Few of these clashes are solely because of the metal disconnection workaround, since it is relatively unusual to find two inorganic compounds with the same ligands connected in different ways (although like most edge cases, they tend to be densely clustered in certain workflows). The failure cases have not been studied extensively at the InChI composition level, but they appear to be largely due to the difficulty of finding a consistent way to disconnect the metals and normalise them afterward as if they were discrete species.

From the perspective of proposing a workable solution, the decision about which representations of real world molecules are considered to be the same and which are considered to be different is based on the following core requirements:

  1. the heavy atom graph must be complete
  2. hydrogen counts must be known unambiguously
  3. bond orders must be descriptive enough to capture the electron delocalisation pathways
  4. formal charges must be placed where they can be balanced

For requirement #1, the idea is that the input data must reflect a pre-existing decision about when two heavy (i.e. non-hydrogen) atoms are connected via something that deserves to be called a bond. The main point of contention is for salts, e.g. sodium chloride is often written as Na+ Cl- rather than Na-Cl because the two ions dissociate complete in solution, and the solid state structure does not look like a distinct molecule. It is easy to make an argument for the former rather than the latter, but the important point is that for the purposes of the coordination InChI, the salt form and the bonded form are considered different entities.

A more nuanced example is butyl lithium, which can be represented as CH3CH2CH2CH2- Li+ or as CH3CH2CH2CH2Li. A case could be made for representing as either the ionic or covalent form, since the scientific reality is somewhere in the middle. The anionic terminal carbon and the cationic metal ion are strongly bound to each other, and they do have some of the characteristics of two atoms that are bonded together. It would be nice to be able to accept either form and be able to resolve both representations as referring to the same substance, but unfortunately this is not practical. The first issue is that because the InChI algorithm takes connection tables as input, there is no way to infer bonds that have not been indicated, because the information simply does not exist within the input content. Deletion of input bonds is possible (which the current standard InChI makes use of), meaning that it's a one way trip. Making a decision about whether to represent two atoms as being bonded to each other can usually be done easily by a scientist, and when it is not easy, the scientist can fall back on experimental evidence: hence it is necessary to insist that they do so before providing the input connection table.

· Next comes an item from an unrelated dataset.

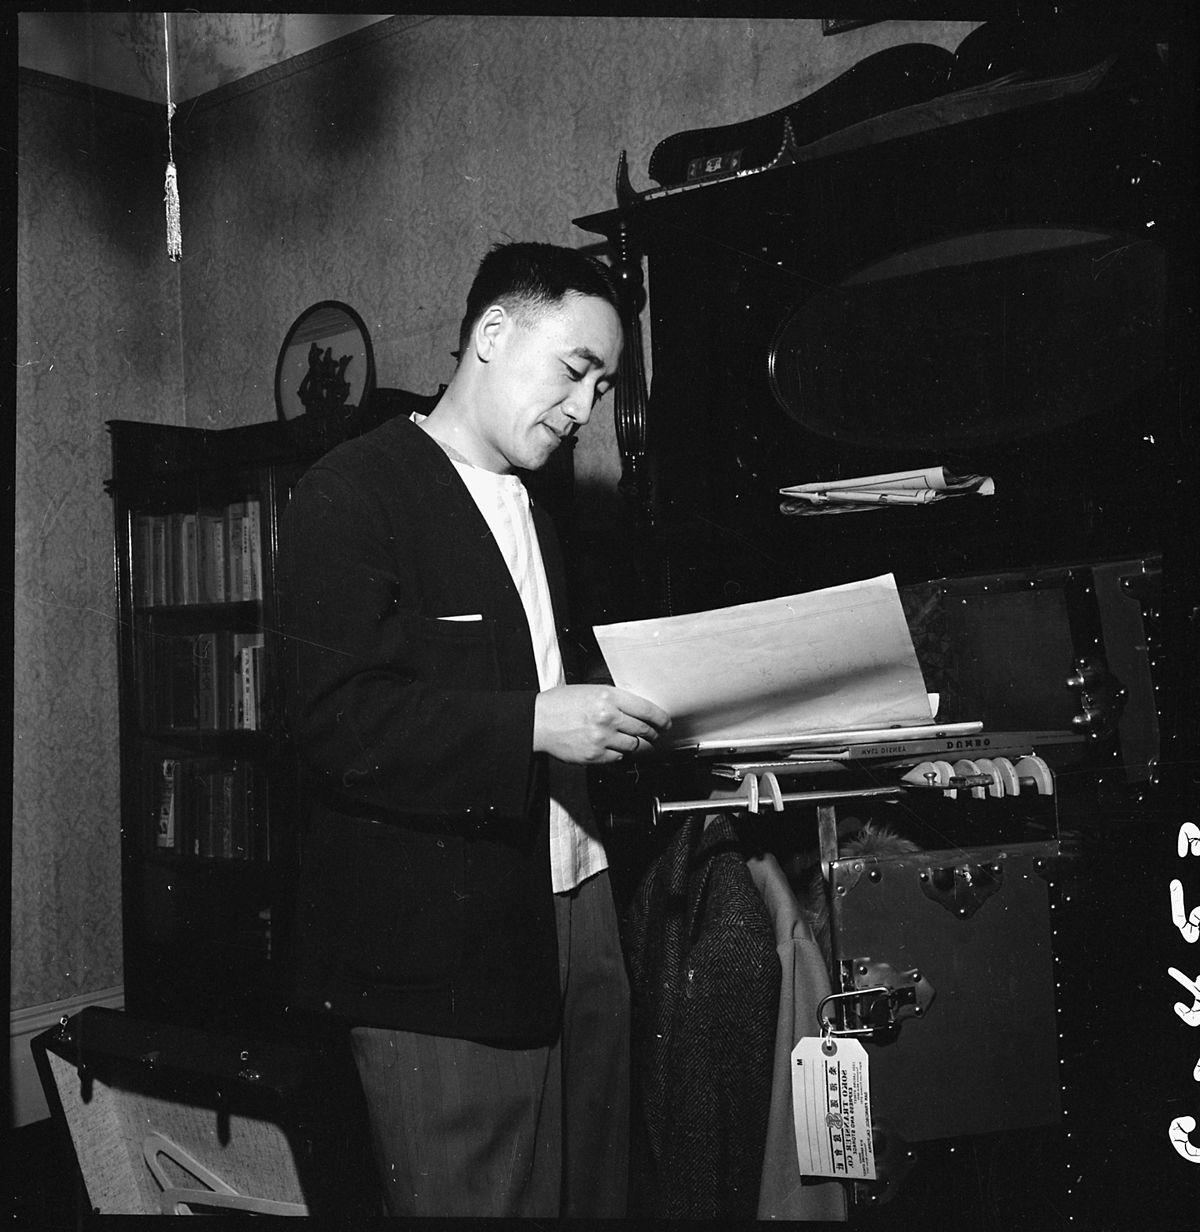 Dave Tatsuno - Wikidata

There are plenty of other considerations to take into account when deciding whether to represent two heavy atoms as being bonded or not. Generally interactions like hydrogen bonds should not be listed as explicit bonds, because in spite of being often quite strong, they are not necessary to capture the core connection table/valence description of the molecule. It is better to leave these out of the core representation, and capture the information in some other higher order metadata (e.g. accompanying 3D structure). Structures are often derived form solid state structures in which crystal packing (or disorder/other artifacts) make two atoms appear to be close enough to have a bond, even though an unusual valence state is implied. These issues need to be resolved by the scientist who is making the claim, not by an algorithm within the InChI codebase. The use case for any current or future kind of InChI identifier is to ask the question "are these two structures the same thing?". The universe of inorganic chemistry is just too diverse to allow the creation of hard rules to resolve many of these issues, and so the responsibility of formulating the scientific claim has to be taken seriously by the scientist.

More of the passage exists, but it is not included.